Tras años de sangrientos enfrentamientos, miles de afganos celebraron ayer en varias provincias el éxito del alto el fuego en su segundo día y salieron a las calles para pedir su extensión.

“Para respetar los deseos de la población y apoyar sus demandas de paz, ordeno a las fuerzas de seguridad y defensa que prolonguen el alto el fuego desde el cuarto día del Eid (celebración del fin del Ramadán)”, ordenó Ghani en un discurso televisado, sin especificar por cuánto tiempo estará en vigor la medida.

“También pedimos a los talibanes que extiendan su alto el fuego”, agregó el mandatario, citado por la agencia de noticias DPA.

La semana pasada el Ejecutivo afgano anunció unilateralmente un alto el fuego contra ese grupo insurgente, luego que unos 2.000 ulemas -doctores de la ley islámica- emitieran un pronunciamiento en el que declaraban “ilegítimo” el conflicto. Dos días más tarde, los talibanes anunciaron una tregua de tres días con motivo de la festividad del Eid al-Fitr o festividad del final de mes sagrado de Ramadán, que comenzó en la medianoche del viernes. En su discurso, Ghani afirmó que los prisioneros talibanes podrán ver a sus familias, a la vez que se brindará ayuda humanitaria y asistencia médica a los heridos.

“Estamos preparados para unas negociaciones de paz exhaustivas y estamos dispuestos a debatir todos esos asuntos y demandas que han sido compartidos por los talibanes durante el diálogo de paz”, señaló el mandatario, quien precisó que la oferta incluye hablar sobre el “futuro” de las tropas internacionales.

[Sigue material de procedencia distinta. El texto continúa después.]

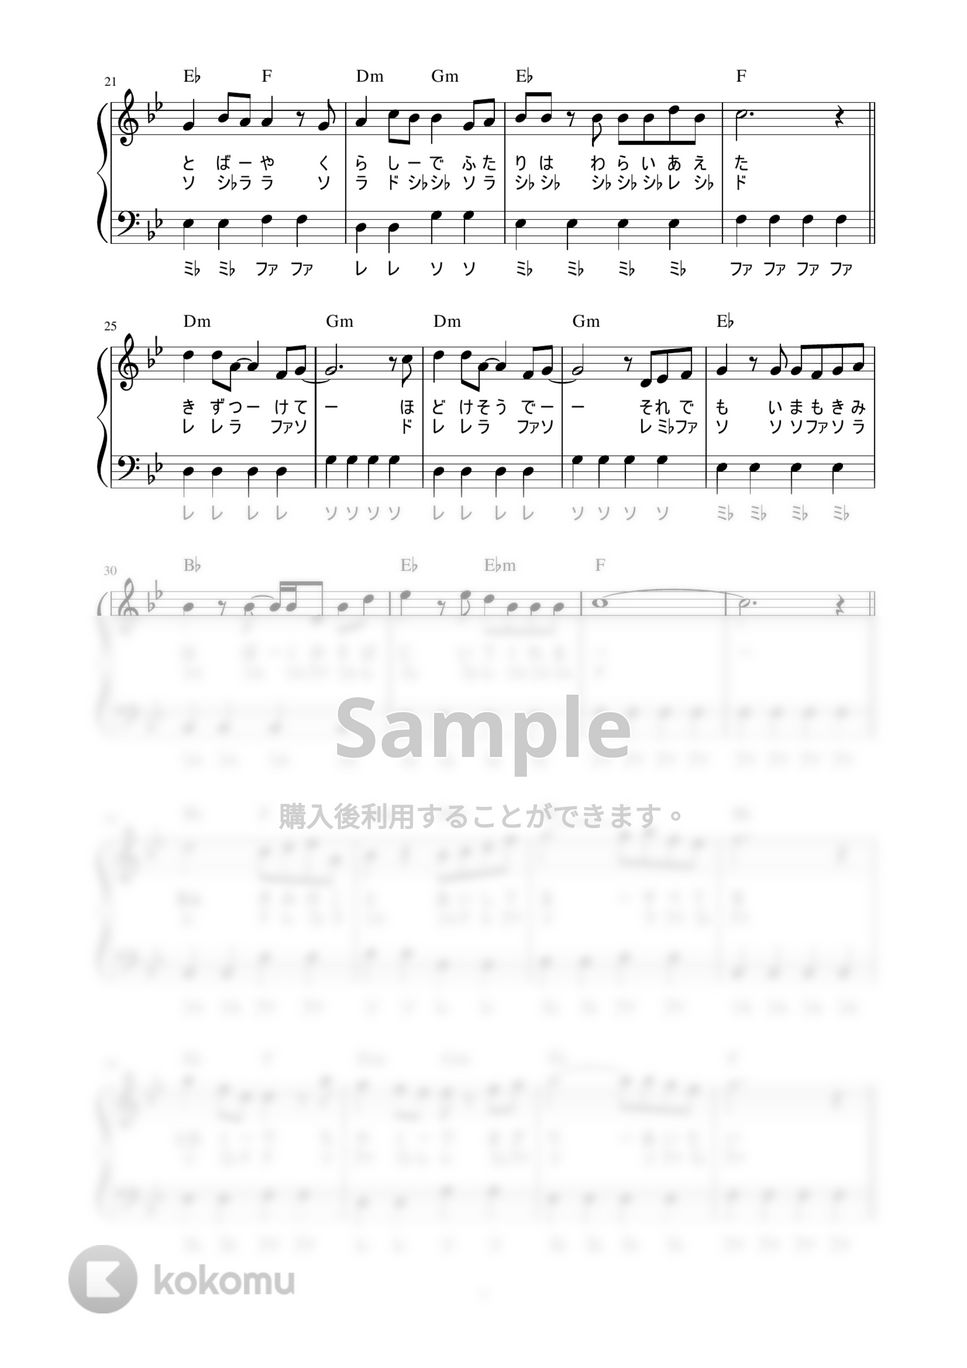 きゃない - バニラ (かんたん / 歌詞付き / ドレミ付き / 初心者) by piano.tokyo

En el marco de esta tregua, talibanes y soldados rezan desde el viernes en las mismas mezquitas, visitan las áreas gobernadas por la otra parte y hasta se hacen fotografías abrazándose que luego se viralizan en las redes sociales.

En Kabul, un gran número de talibanes entraron ayer tras dejar sus armas a las fuerzas de seguridad y el ministro de Interior, Wais Ahmad Barmak, se acercó a la entrada occidental de la capital para dar la bienvenida a los combatientes, sacándose con fotos con ellos.

Pese a este acercamiento sin precedentes en 17 años de conflicto, la jornada se vio empañada por un ataque del EI en la provincia oriental de Nangarhar, donde talibanes y civiles se habían reunido para celebrar el cese el fuego.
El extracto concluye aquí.